Records from a collection:
BEGIN
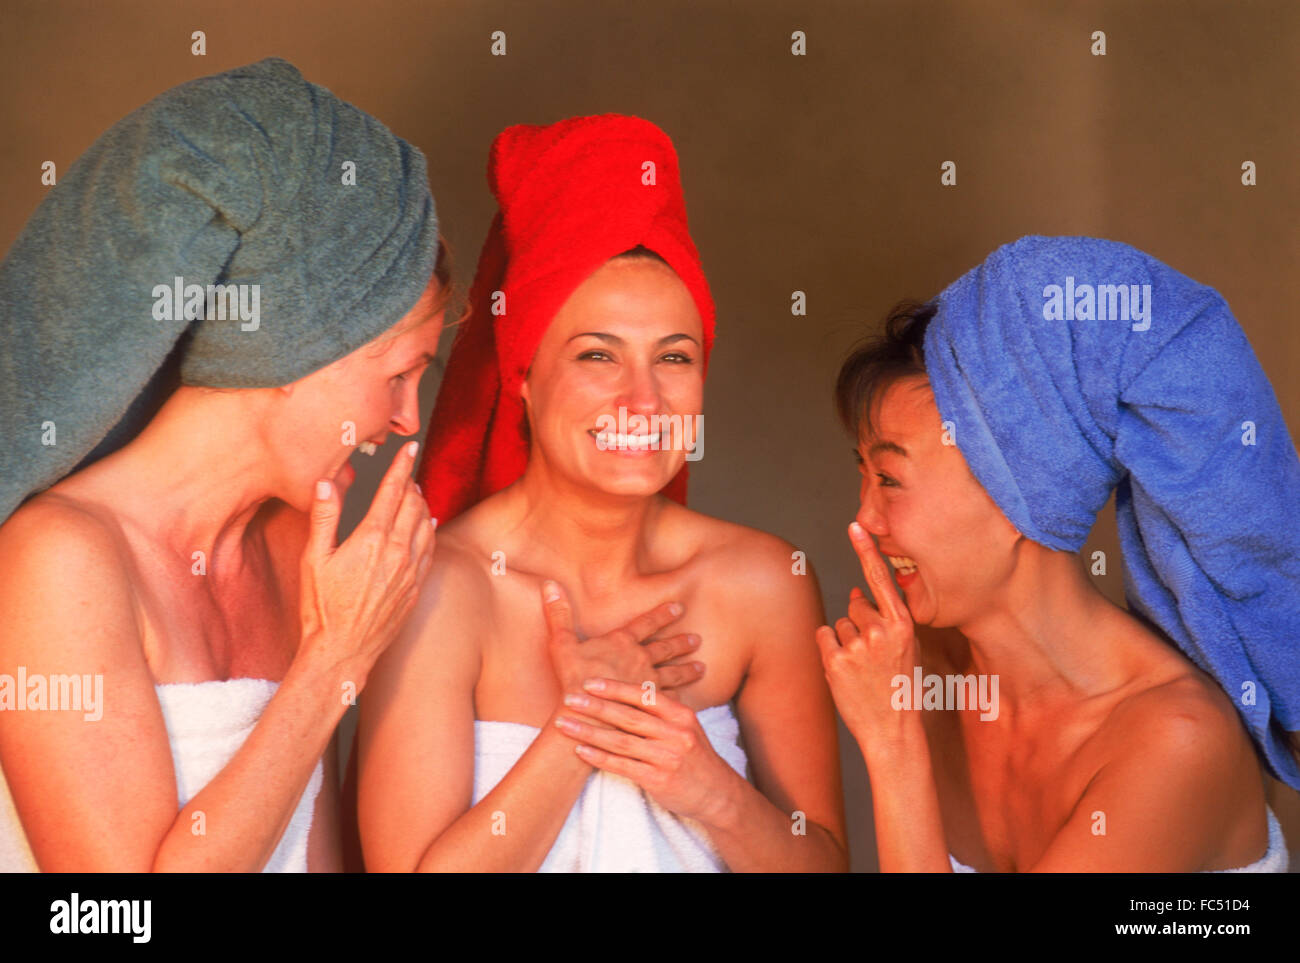 Three women of ethnic mix with colorful bath towels sharing gossip and laughing Stock Photo
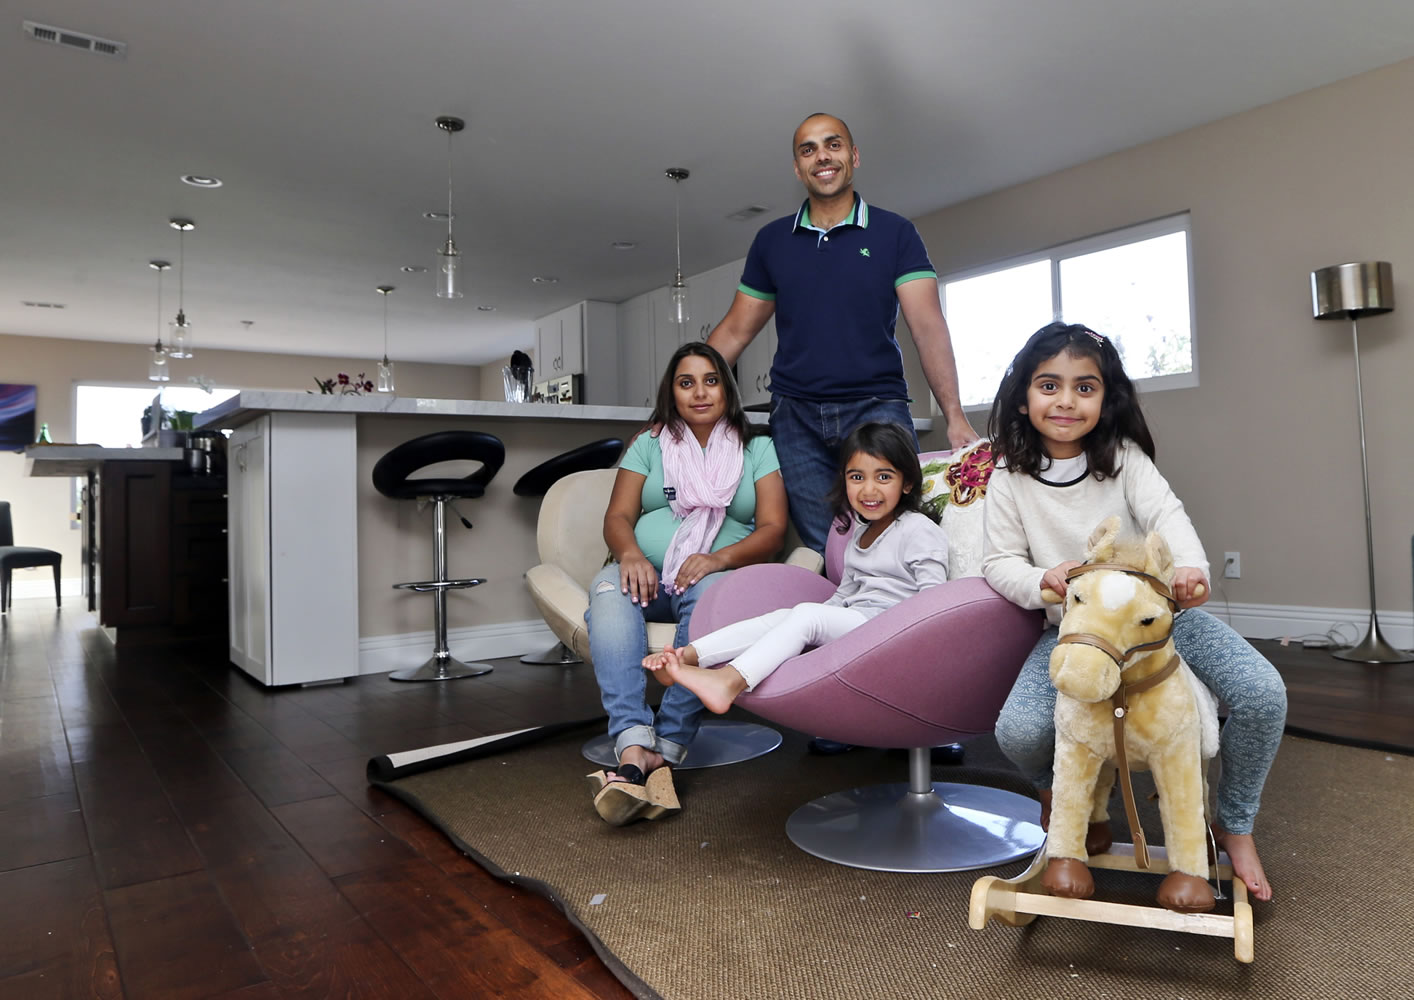 The Jaswal family, Imran, standing, his wife Aniqa, left, and daughters, Arissa, right, and Jayda, gather in the family room at their home in La Jolla, Calif. The couple bought the four-bedroom house about 10 minutes from the beach in Febrauary.
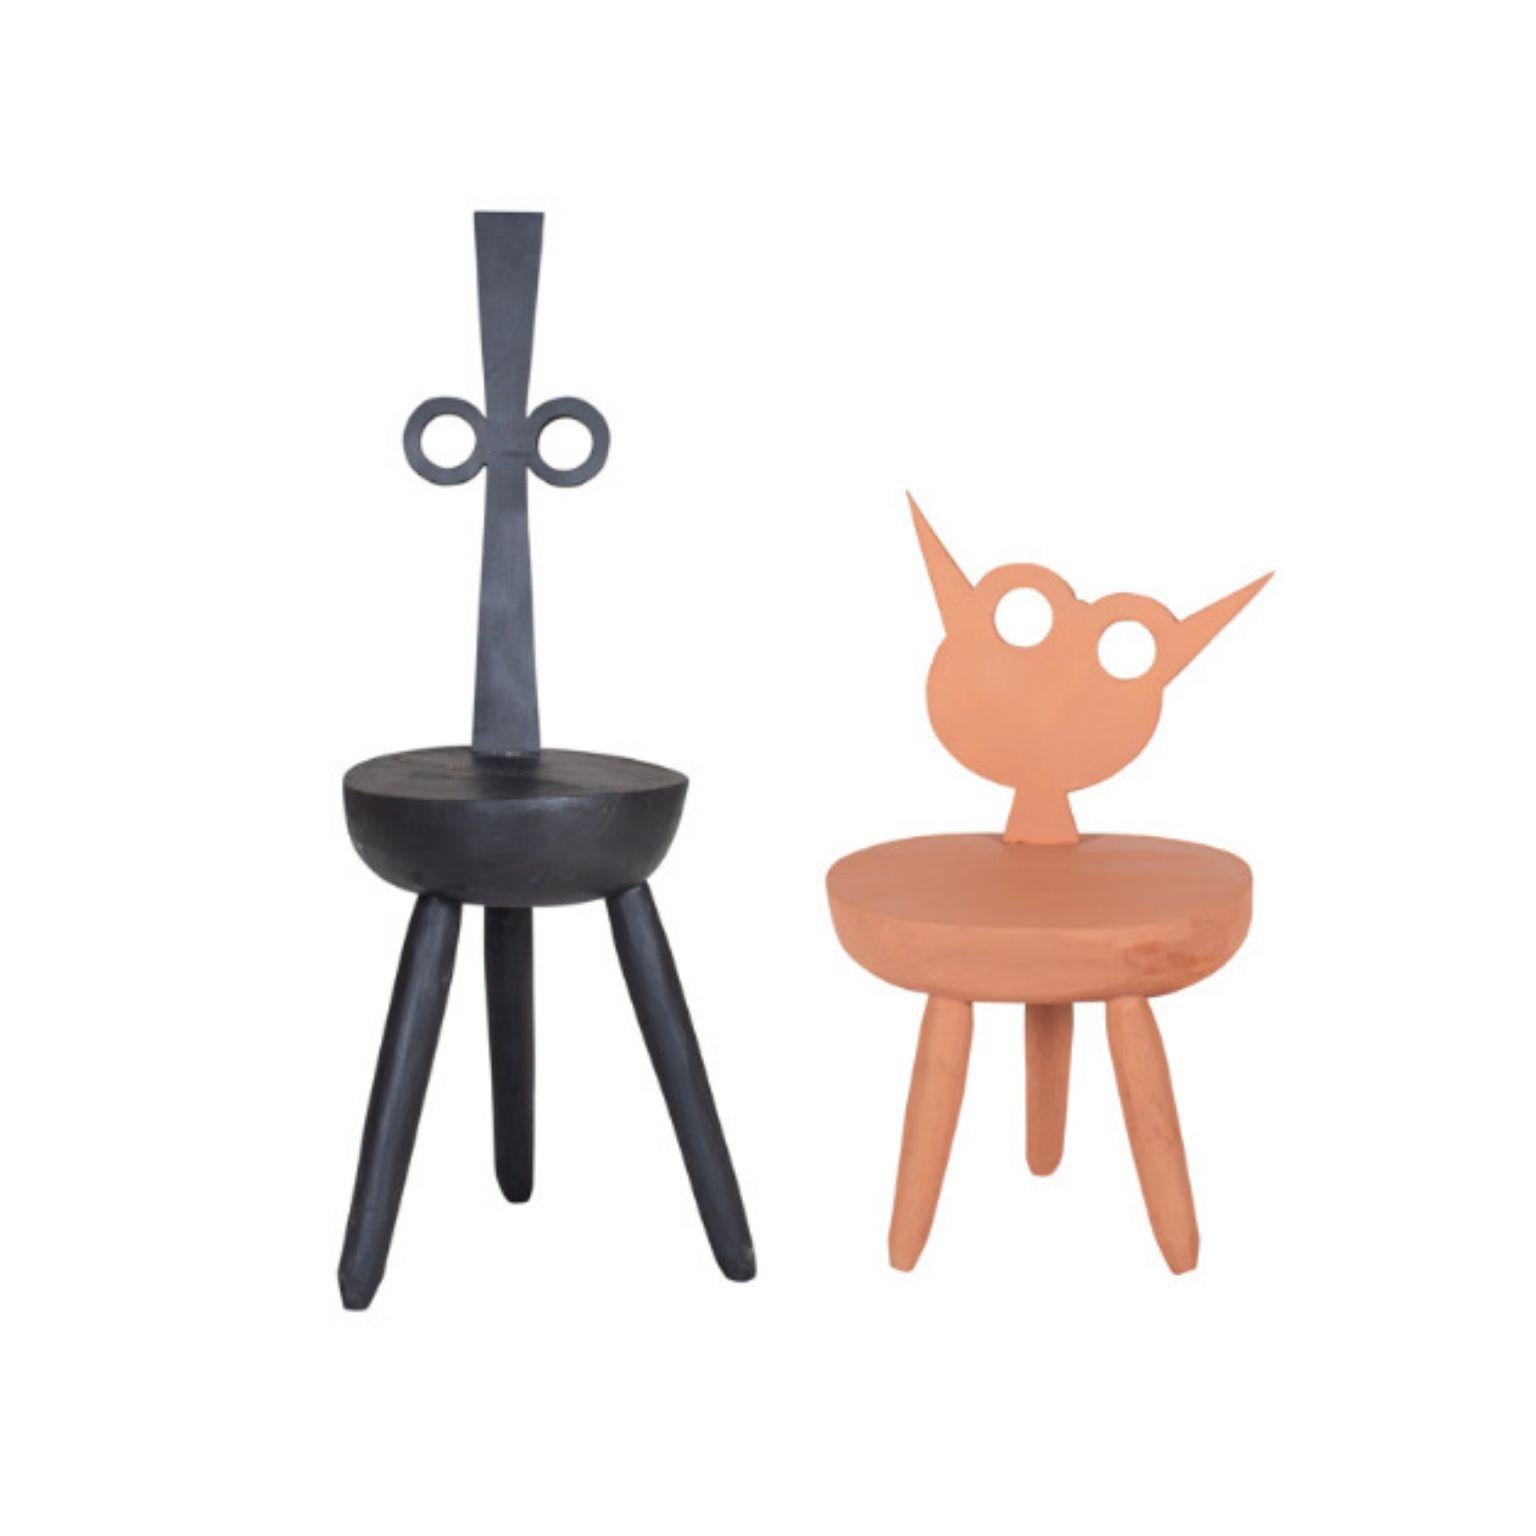 Set of 2 Rose Flora and Black Gomez Chair by Pulpo
Design by Vasilica lsacescu & Nadja Zerunian
Dimensions: 
Flora: L 37 x W 27 x H 59 cm.
Gomez: L 30 x W 30 x H 94 cm 
Materials: Wood.

Also available in different colours. 

Pulpo is a
END
■ EXERCISE INSTRUCTIONS ■
Return the data exactly. Pictures stay out.

■ RESPONSE FOR THIS EXERCISE ■
 Three women of ethnic mix with colorful bath towels sharing gossip and laughing Stock Photo
 The Jaswal family, Imran, standing, his wife Aniqa, left, and daughters, Arissa, right, and Jayda, gather in the family room at their home in La Jolla, Calif. The couple bought the four-bedroom house about 10 minutes from the beach in Febrauary.
 Set of 2 Rose Flora and Black Gomez Chair by Pulpo
Design by Vasilica lsacescu & Nadja Zerunian
Dimensions: 
Flora: L 37 x W 27 x H 59 cm.
Gomez: L 30 x W 30 x H 94 cm 
Materials: Wood.

Also available in different colours. 

Pulpo is a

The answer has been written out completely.